## INFORMATION GIVEN:
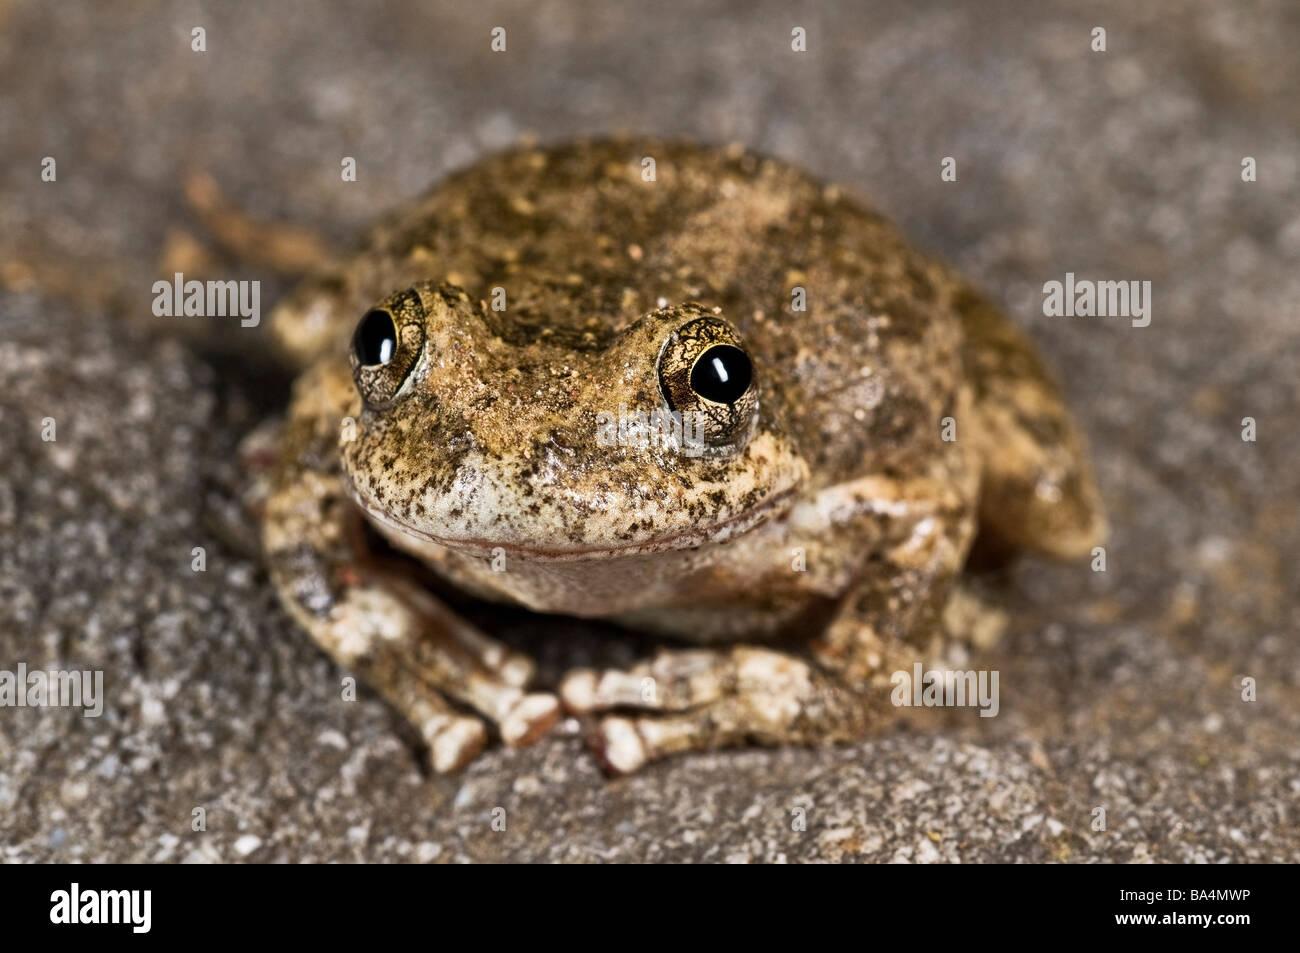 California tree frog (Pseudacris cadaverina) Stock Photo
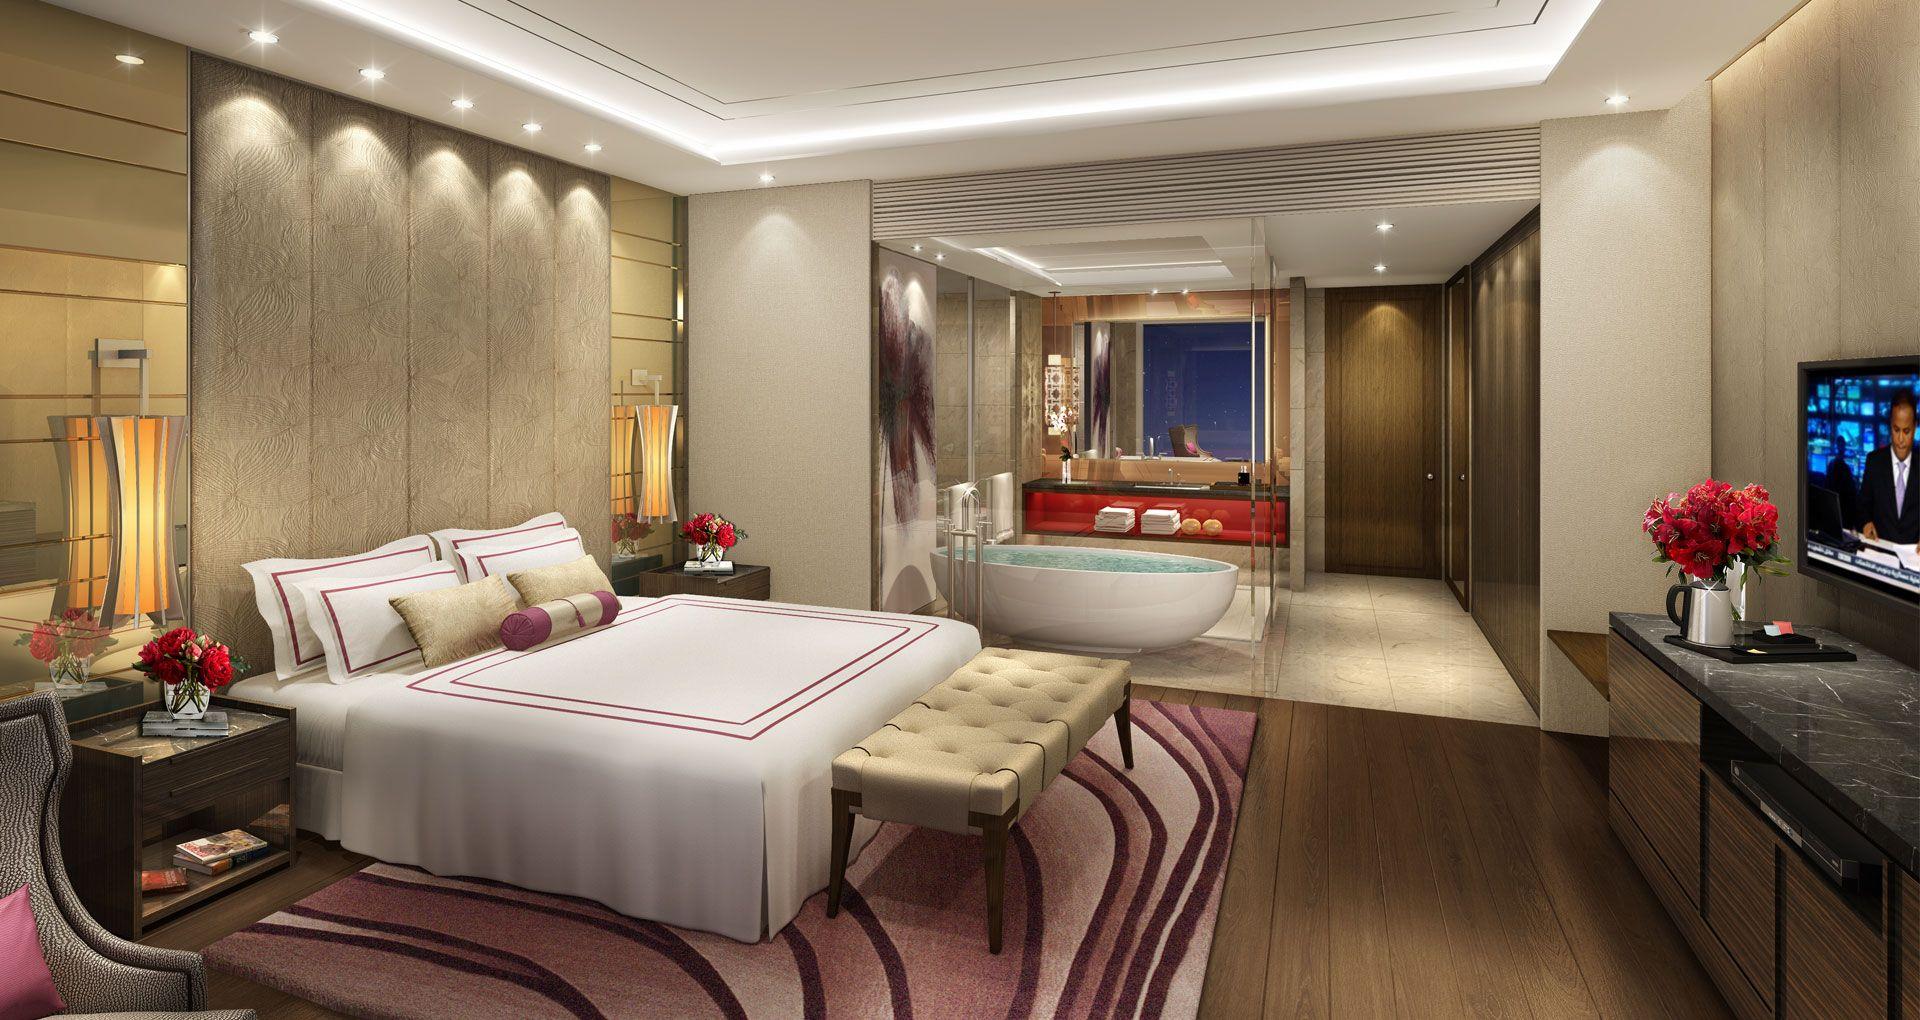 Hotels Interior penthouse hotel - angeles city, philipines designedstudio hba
...
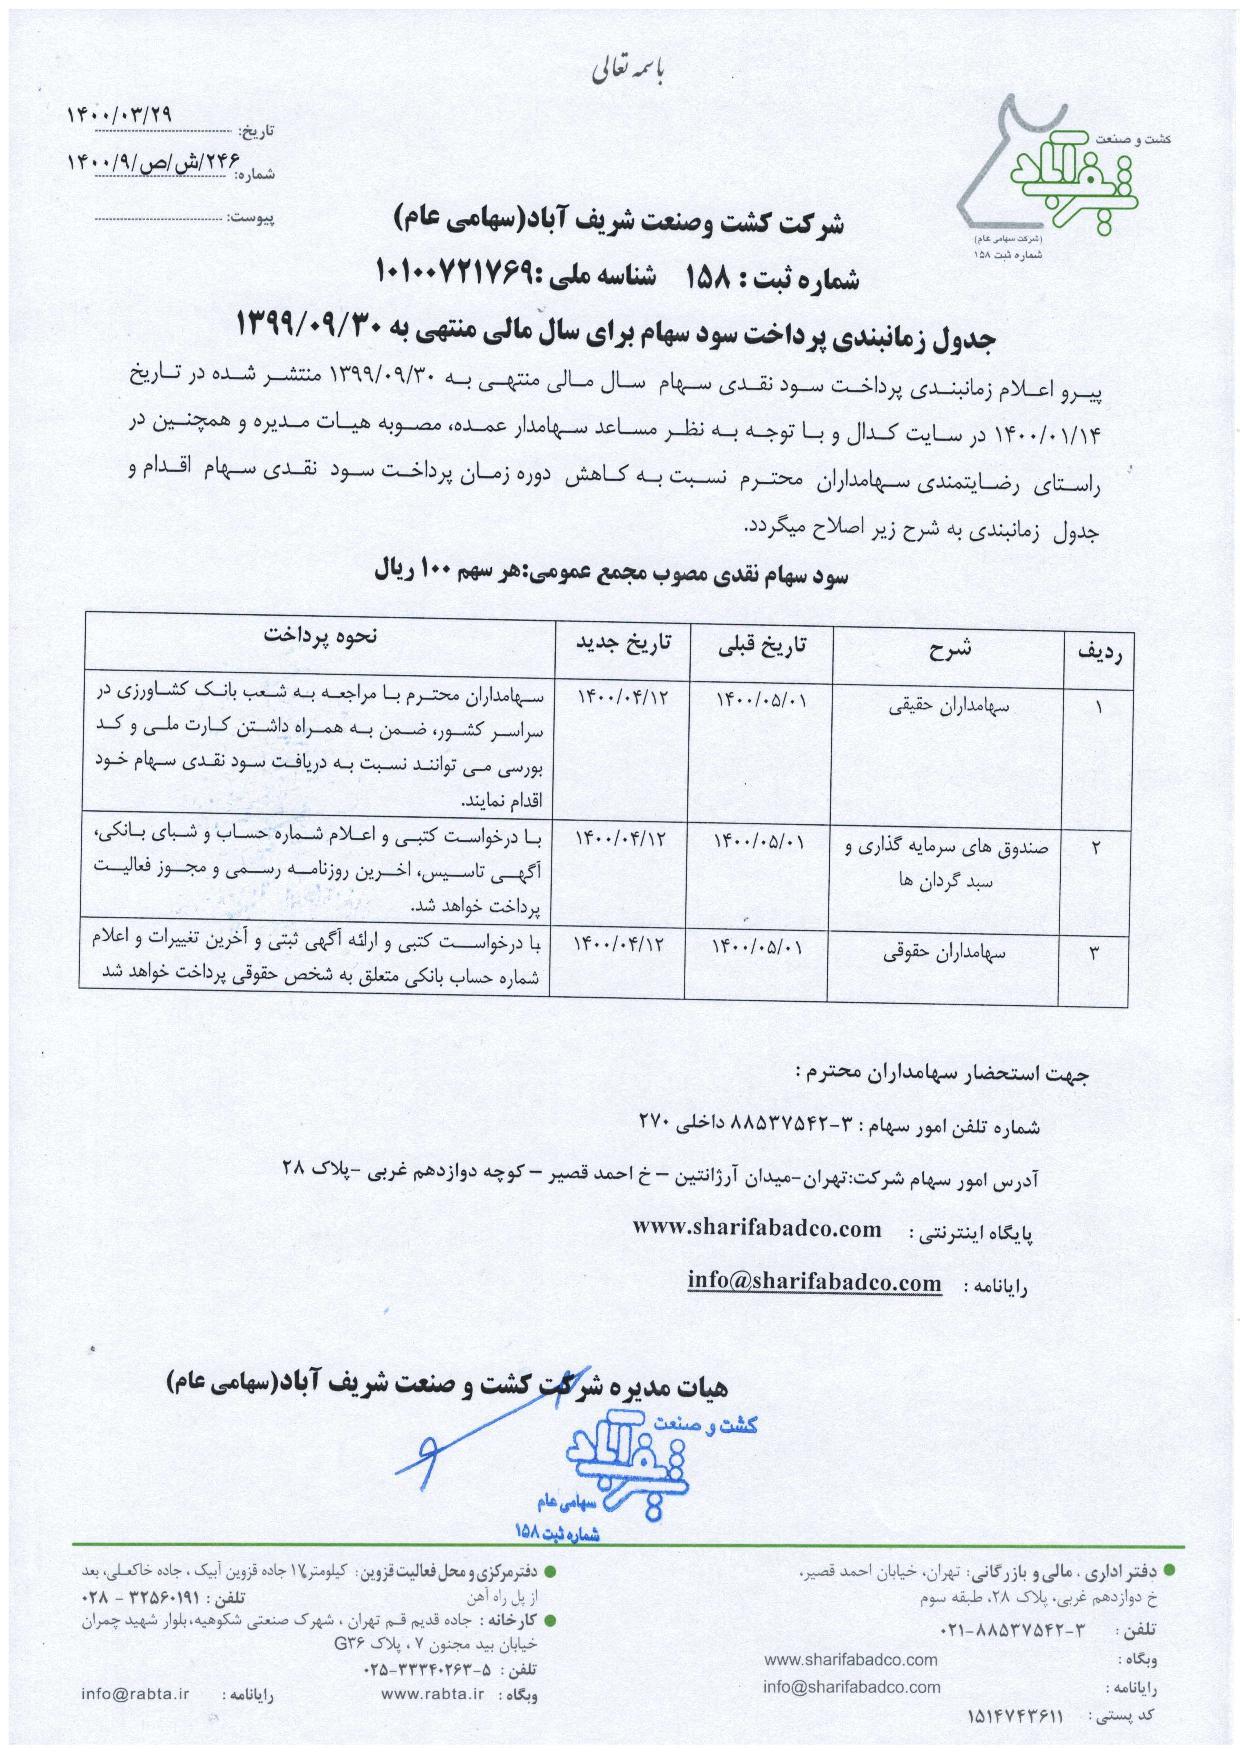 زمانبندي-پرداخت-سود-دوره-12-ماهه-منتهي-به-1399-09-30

## YOUR GOAL:
From the material above, reproduce only what runs from the line holding "California tree frog" down to the line holding "Hotels Interior penthouse", both included, pictures excluded.

## EXERCISE RESULT:
 California tree frog (Pseudacris cadaverina) Stock Photo
 Hotels Interior penthouse hotel - angeles city, philipines designedstudio hba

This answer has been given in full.